→ **Exercise aim**
Could you restate the data below word for word, without its pictures?

----- The data

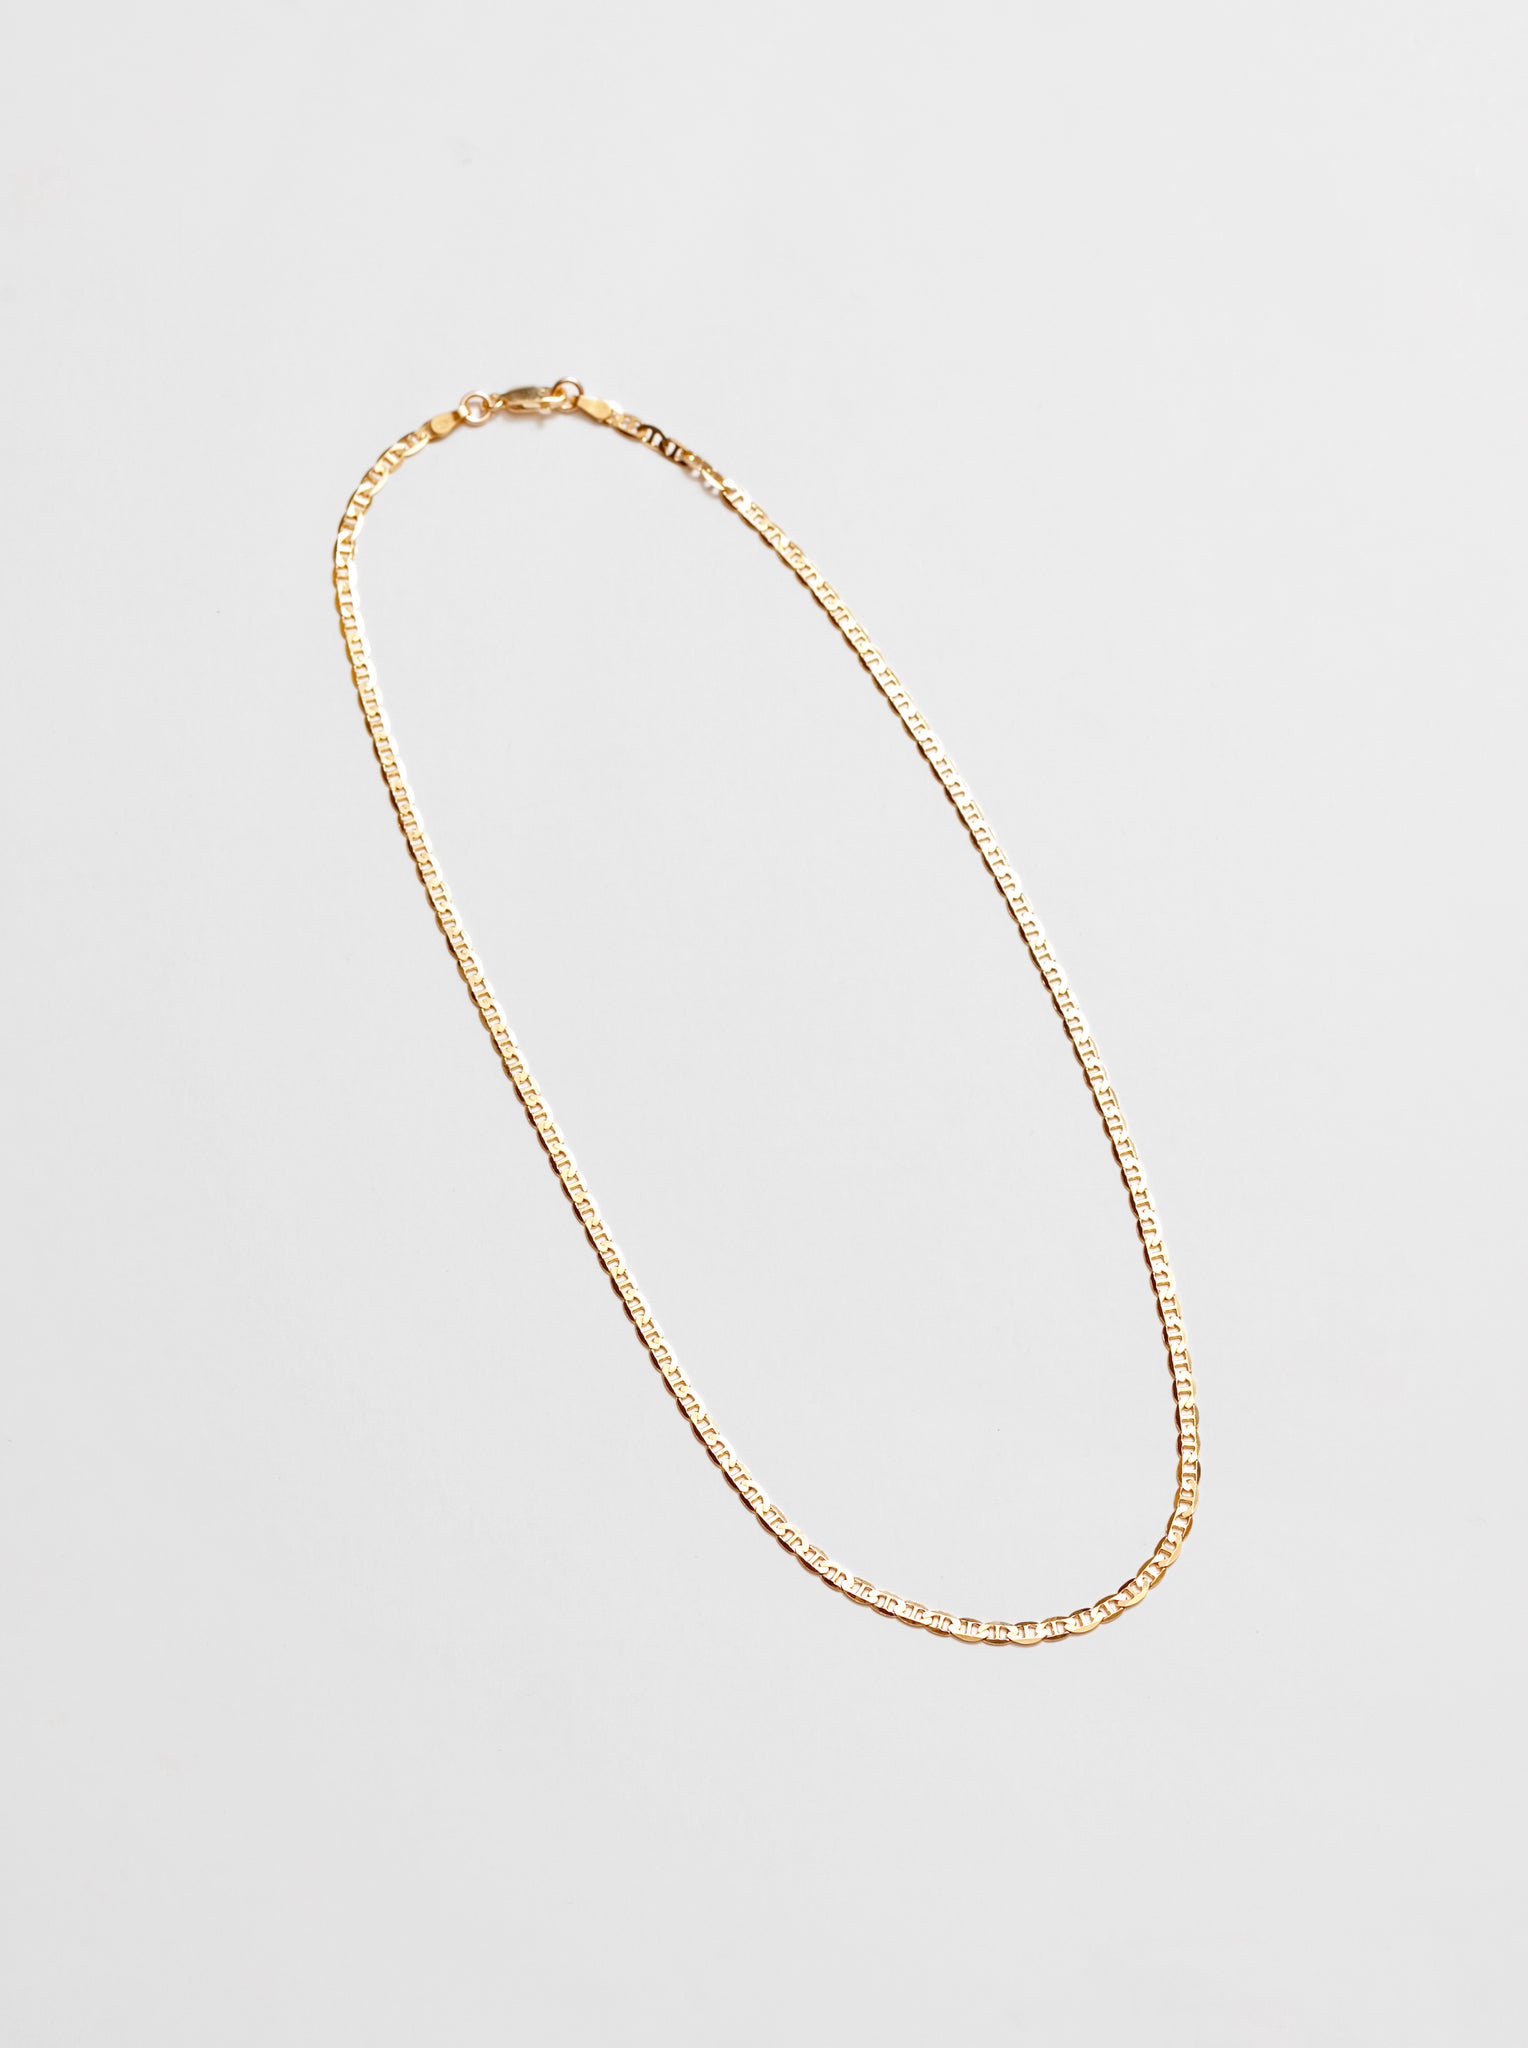 Wolf Circus 14k Gold Vermeil Mariner Chain Necklace | Handcrafted | Toni Necklace in Gold-Necklaces-wolfcircus.com
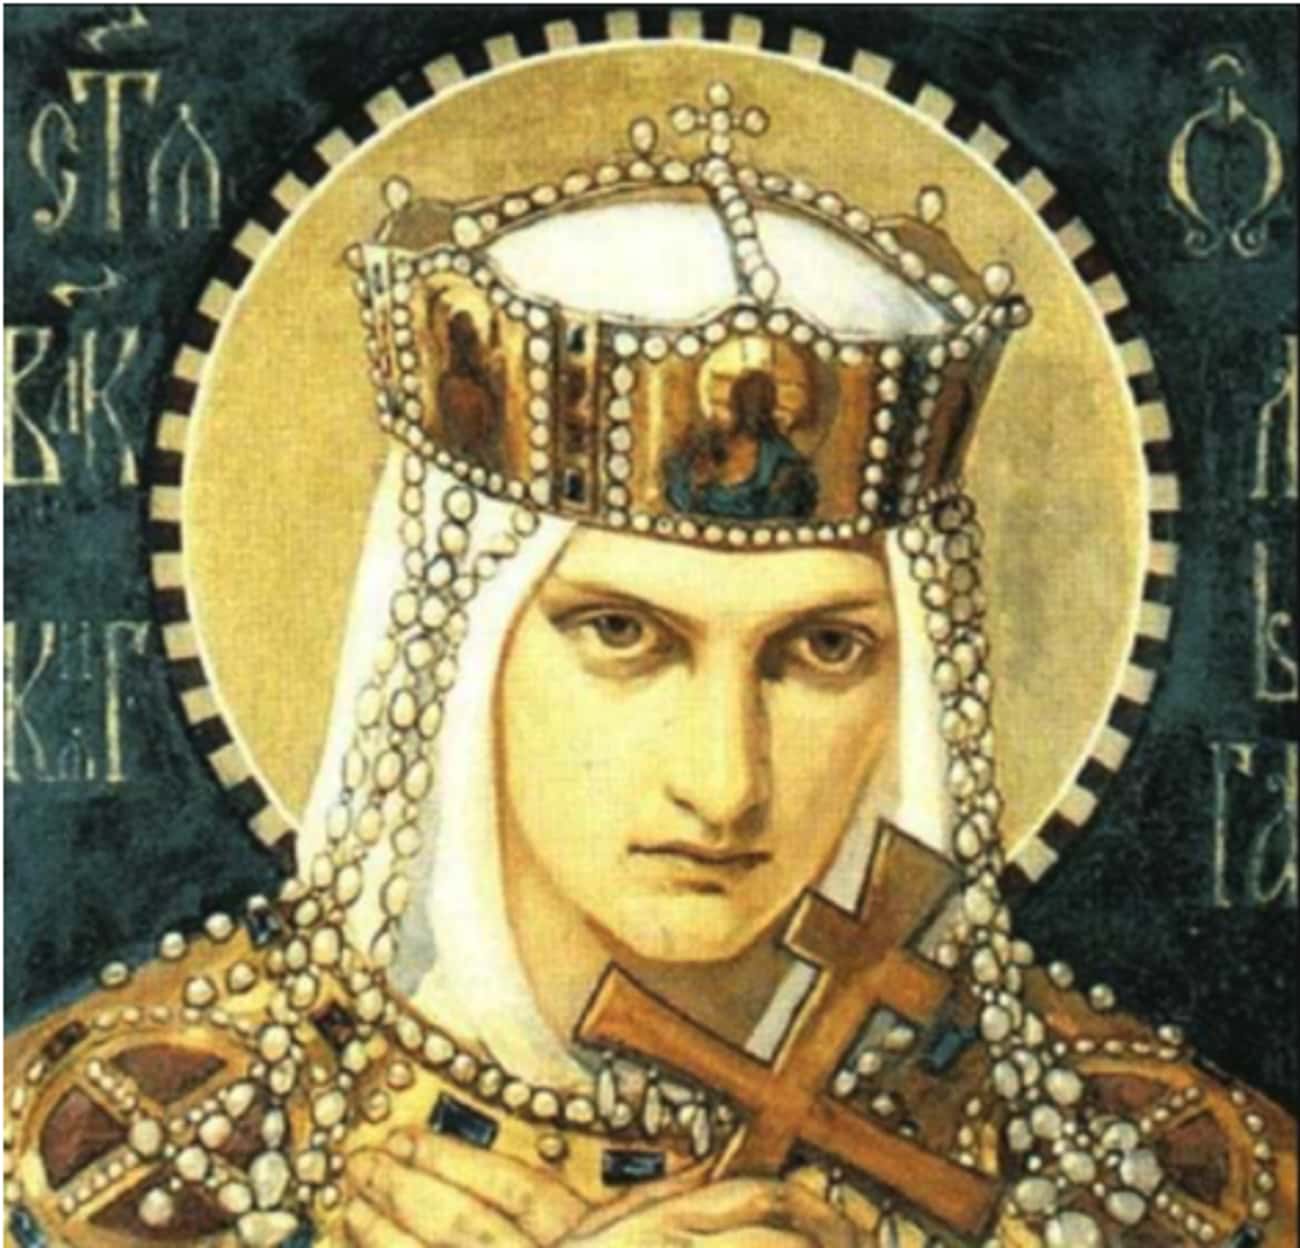 Saint Olga Of Kyiv Had Her Husband's Murderers Buried Alive, Scalded, And Their City Destroyed
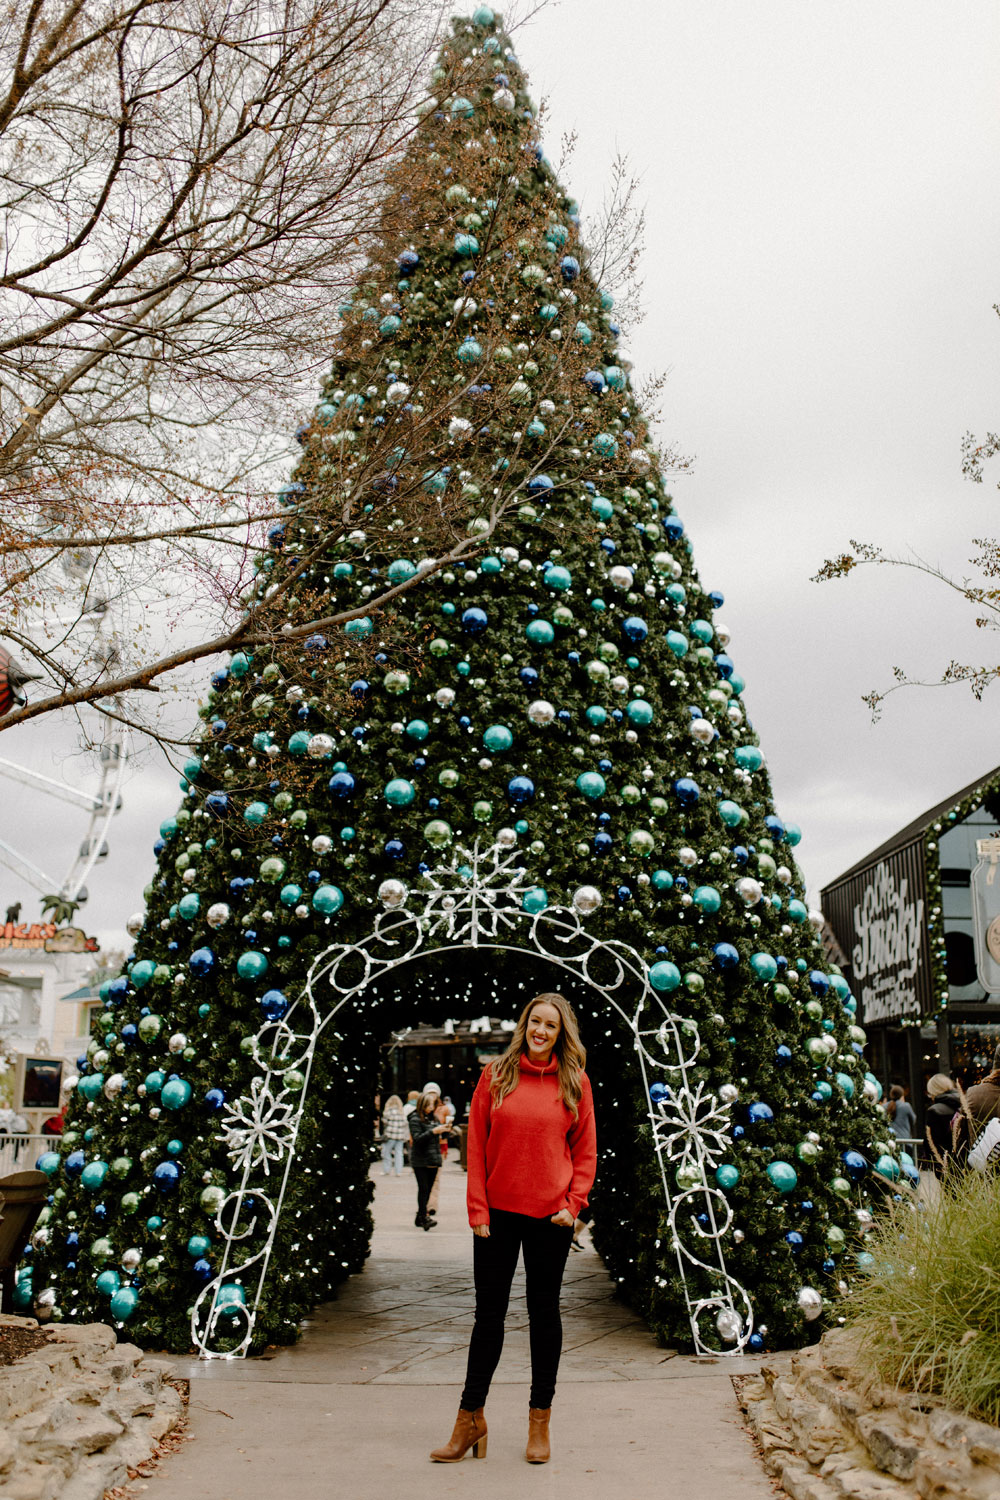 Small Town Christmas - Pigeon Forge, TN

----------

→ **Your solution**
 Wolf Circus 14k Gold Vermeil Mariner Chain Necklace | Handcrafted | Toni Necklace in Gold-Necklaces-wolfcircus.com
 Saint Olga Of Kyiv Had Her Husband's Murderers Buried Alive, Scalded, And Their City Destroyed
 Small Town Christmas - Pigeon Forge, TN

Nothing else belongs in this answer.